France | France, Cour administrative d'appel de Nantes, 6ème chambre, 15 octobre 2018, 17NT01242


Vu la procédure suivante :

Procédure contentieuse antérieure :

M. B... a demandé au tribunal administratif de Rennes d'annuler la décision du 3 novembre 2014 par laquelle le ministre de la défense a rejeté son recours administratif préalable dirigé contre le refus de lui accorder le pécule des officiers de carrière et de condamner l'Etat à lui verser la somme de 993 058 euros en réparation du préjudice résultant de l'illégalité de cette décision.

Par un jugement n° 1500092 du 9 février 2017, le tribunal administratif de Rennes a rejeté sa demande.


Procédure devant la cour :

Par une requête enregistrée le 14 avril 2017, M. B..., repré...

Vu la procédure suivante :

Procédure contentieuse antérieure :

M. B... a demandé au tribunal administratif de Rennes d'annuler la décision du 3 novembre 2014 par laquelle le ministre de la défense a rejeté son recours administratif préalable dirigé contre le refus de lui accorder le pécule des officiers de carrière et de condamner l'Etat à lui verser la somme de 993 058 euros en réparation du préjudice résultant de l'illégalité de cette décision.
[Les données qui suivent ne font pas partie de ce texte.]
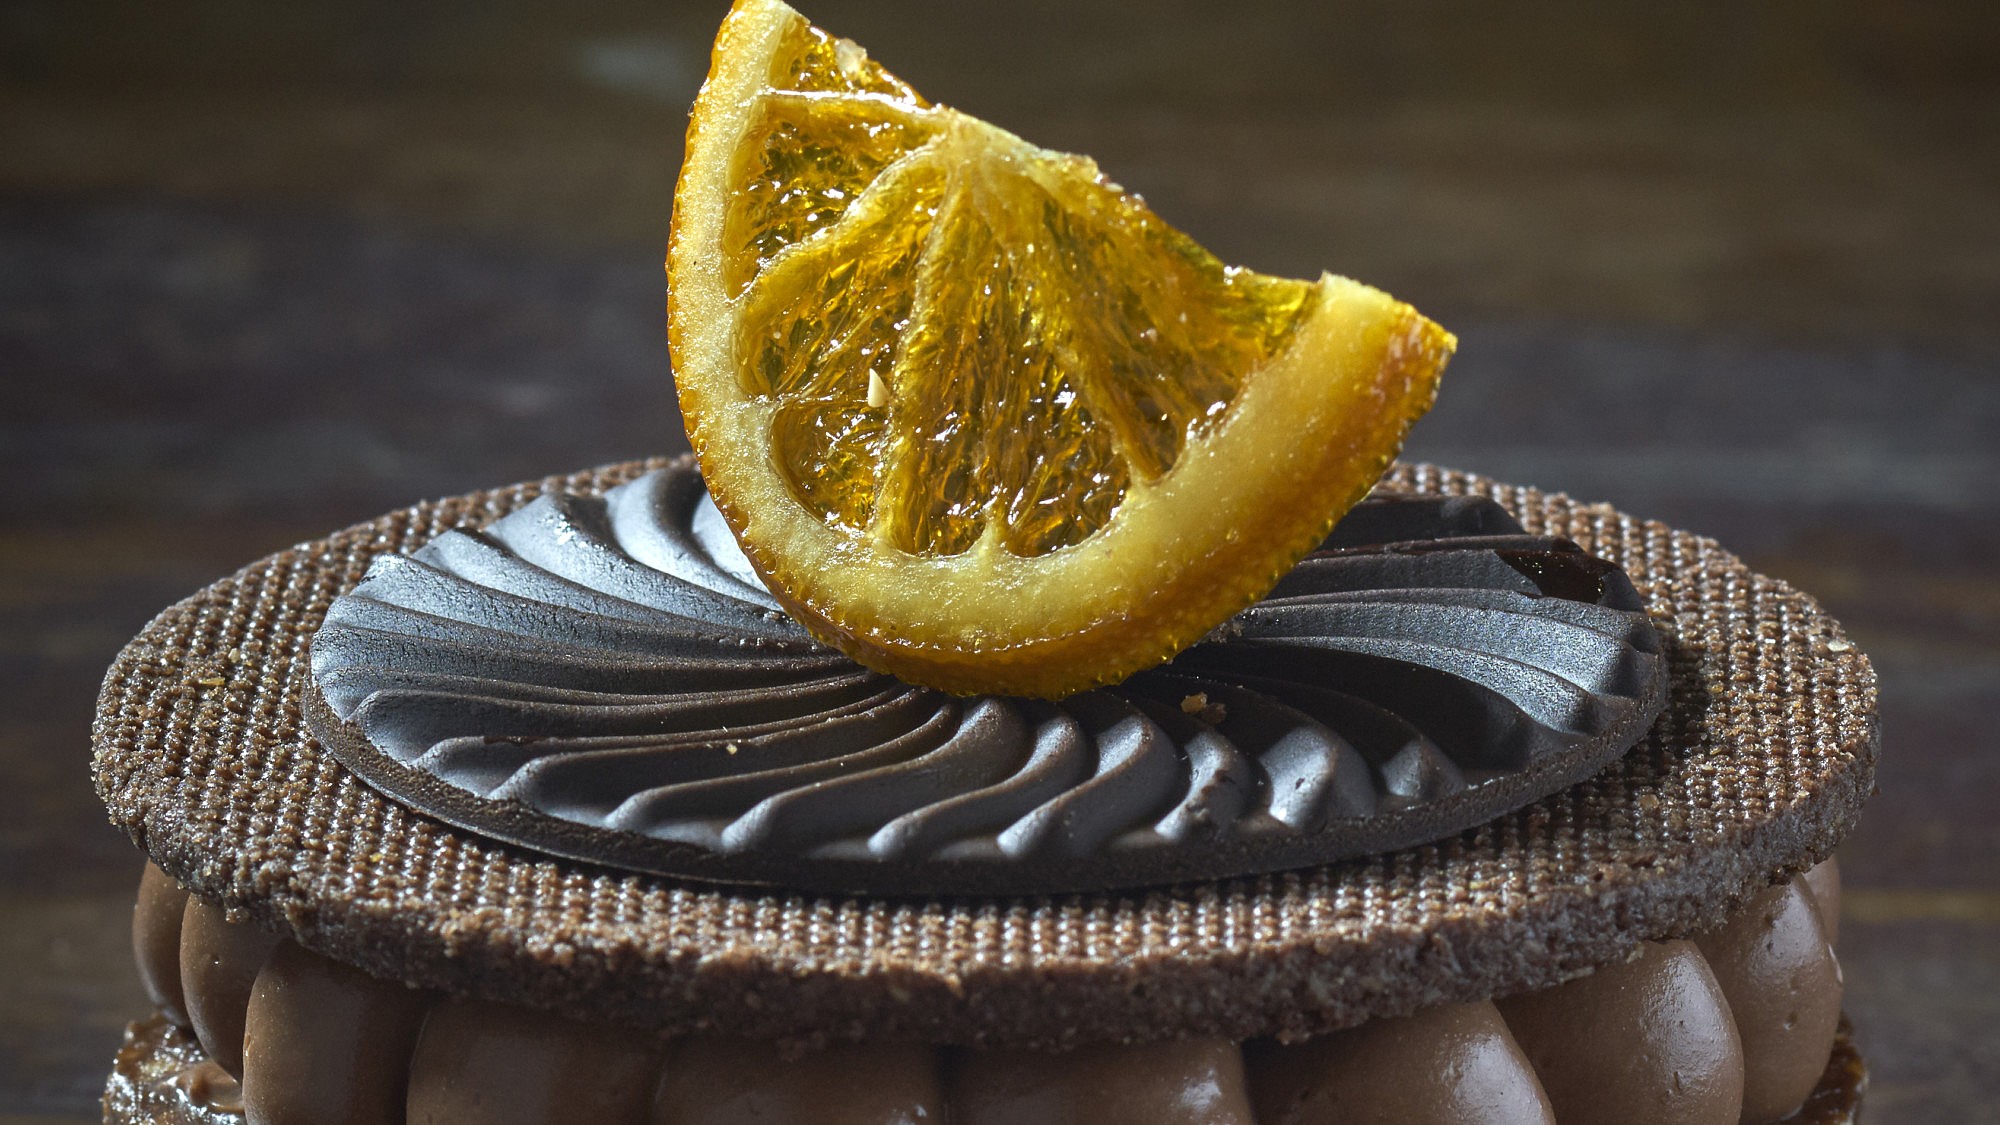 עוגת קקאו וקרמו שוקולד- תפוז של רביבה אפל ז"ל. צילום: אנטולי מיכאלו

Par un jugement n° 1500092 du 9 février 2017, le tribunal administratif de Rennes a rejeté sa demande.

Procédure devant la cour :

Par une requête enregistrée le 14 avril 2017, M. B..., représenté par MeC..., demande à la cour :

1°) d'annuler ce jugement du tribunal administratif de Rennes du 9 février 2017 ;

2°) d'annuler la décision du 3 novembre 2014 ;

3°) de condamner l'Etat à lui verser la somme globale de 993 058 euros ;

4°) de mettre à la charge de l'Etat le versement de la somme de 5 000 euros au titre de l'article L.761-1 du code de justice administrative.

Il soutient que :

- les premiers juges ont omis de répondre au moyen tiré de l'erreur de fait ;

- la décision du 3 novembre 2014 est insuffisamment motivée ;

- il ne ressort pas des pièces du dossier que l'administration aurait procédé à un examen particulier de sa demande ;

- la décision contestée est entachée d'une erreur de fait dès lors qu'il avait accompli moins de 18 ans de service auprès de la Marine Nationale et n'avait bénéficié d'aucune mesure de reclassement dans un emploi public, remplissant ainsi l'intégralité des conditions légales et réglementaires prévues à l'article R. 4139-43 du code de la défense et que par ailleurs, à la date de sa demande, la limite d'un pécule pour les officiers du grade de lieutenant-colonel ou de capitaine de frégate n'était pas atteinte ; le motif de gestion tiré du sous-effectif des capitaines de frégate possédant l'expérience du groupe aérien embarqué n'est pas avéré ;

- la décision contestée ne repose sur aucune considération liée à l'intérêt du service et est entachée d'un détournement de pouvoir ;

- cette décision est entachée d'une erreur manifeste d'appréciation ;

- l'illégalité de cette décision constitue une faute de nature à engager la responsabilité de l'Etat ;

- cette décision lui a occasionné un préjudice dès lors qu'il n'a pas eu la possibilité de se reconvertir dès le mois d'août 2014 en tant que pilote instructeur dans l'aviation royale canadienne et a subi une perte de salaire de 8 200 euros pour les cinq mois perdus entre le 29 août 2014 et le 12 janvier 2015 ;

- il s'est vu dans l'obligation de financer des cours de rattrapage à hauteur de 1 600 euros pour ses enfants en raison d'un déménagement intervenu en cours d'année scolaire alors qu'il avait sollicité sa radiation à compter du 29 août 2014 afin que ses enfants puissent effectuer leur rentrée scolaire au Canada ; il a également perdu les frais d'inscription de ses enfants dans diverses associations sportives et éducatives à concurrence de la somme de 500 euros ;

- il a subi un préjudice moral, d'autant plus que l'arrêté contesté a été transmis à l'ensemble de la flottille 17F sans aucune mention de confidentialité ; ce préjudice doit être évalué à la somme de 800 000 euros, correspondant aux vingt années de solde de base dont il aurait pu jouir s'il était resté dans la Marine Nationale jusqu'à la limite d'âge de son grade ;

- il est fondé à solliciter la somme de 40 000 euros au titre des intérêts au taux légal à compter du 3 novembre 2014.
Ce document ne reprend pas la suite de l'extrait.